Один из воробьев, трепеща крылышками, подлетел к увитому плющом балкону и уселся на перила в нескольких дюймах от ног Казимира. Пристально разглядывая птицу, юноша заметил зябкое дрожание перьев.
– Лети-ка ты лучше на юг, пташка, – пробормотал он негромко. – Зима идет.
Не слушая его, воробей рассеянно поскакал по перилам туда, где вился стебель плюща, украшенный красно-золотыми листьями. Острый клюв сорвал с сухой ветки прокисшую ягодку, потом воробей взмахнул крыльями и полетел по своим воробьиным делам.

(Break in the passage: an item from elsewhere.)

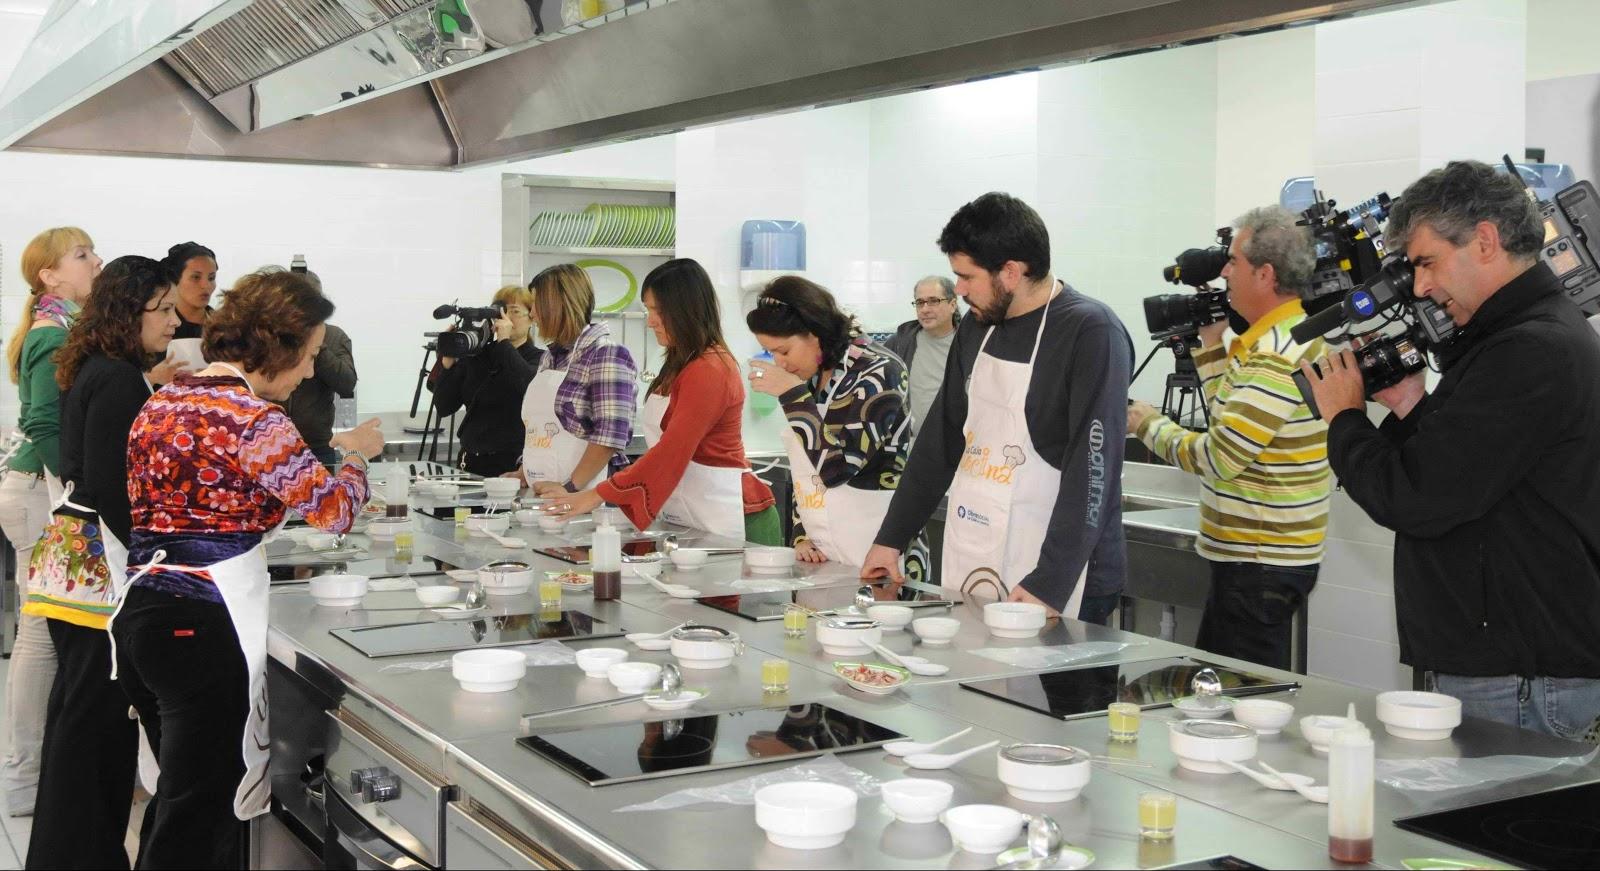 Regi n canarias peri dico digital de canarias aula de for Cursos de cocina en las palmas

Казимир следил взглядом за его полетом, а сам припоминал события прошлой ночи. Он все еще чувствовал в своей груди пьянящий аромат полуночного воздуха и помнил, как дрожала земля под его стремительными ногами. Никто не смог бы противостоять ему вчера, никто не смог бы сравняться с ним – даже Геркон Люкас. А что за добыча был этот олень! Что за сладкое мясо! Как приятно было на полном скаку пригнуть к земле его голову, вонзить клыки в его упругую и мягкую шею, опрокинуть и терзать горячую плоть, не чувствуя уколов совести и вины!…
Теперь, чувствуя, как в легкие его вливается свежий утренний воздух, Казимир ничего не желал так сильно, как снова начать охоту – не одному, как это было на протяжении восемнадцати долгих лет, а в стае, во главе таких же, как он, хищников. Теперь он больше не был одинок.
В спальне за его спиной раздался предательский скрип петель, потом раздался осторожный шорох протертых кожаных подошв по полу.
– Доброе утро, мастер Казимир, – неуверенно сказал мальчик-слуга.
Шумно вздохнув, Казимир сделал ему знак встать перед собой.
– Что такого важного случилось, что ты решился потревожить меня в столь ранний час?
Гладкие кожаные подошвы зашаркали по паркетному полу, и юный паж остановился рядом с Мейстерзингером.
– Давай, выкладывай, – поторопил его Казимир.
– Жрец Милила Густав мертв! – выпалил мальчишка.
Казимир почувствовал, как горло его стиснуло внезапной судорогой, и помрачнел Густав мертв?
По шее его пробежал холодок, и он вздохнул снова. Отвернувшись от пажа, он посмотрел вниз, на просыпающийся город. Воробьи продолжали виться над крышами, не обращая внимания на появляющихся редких людей.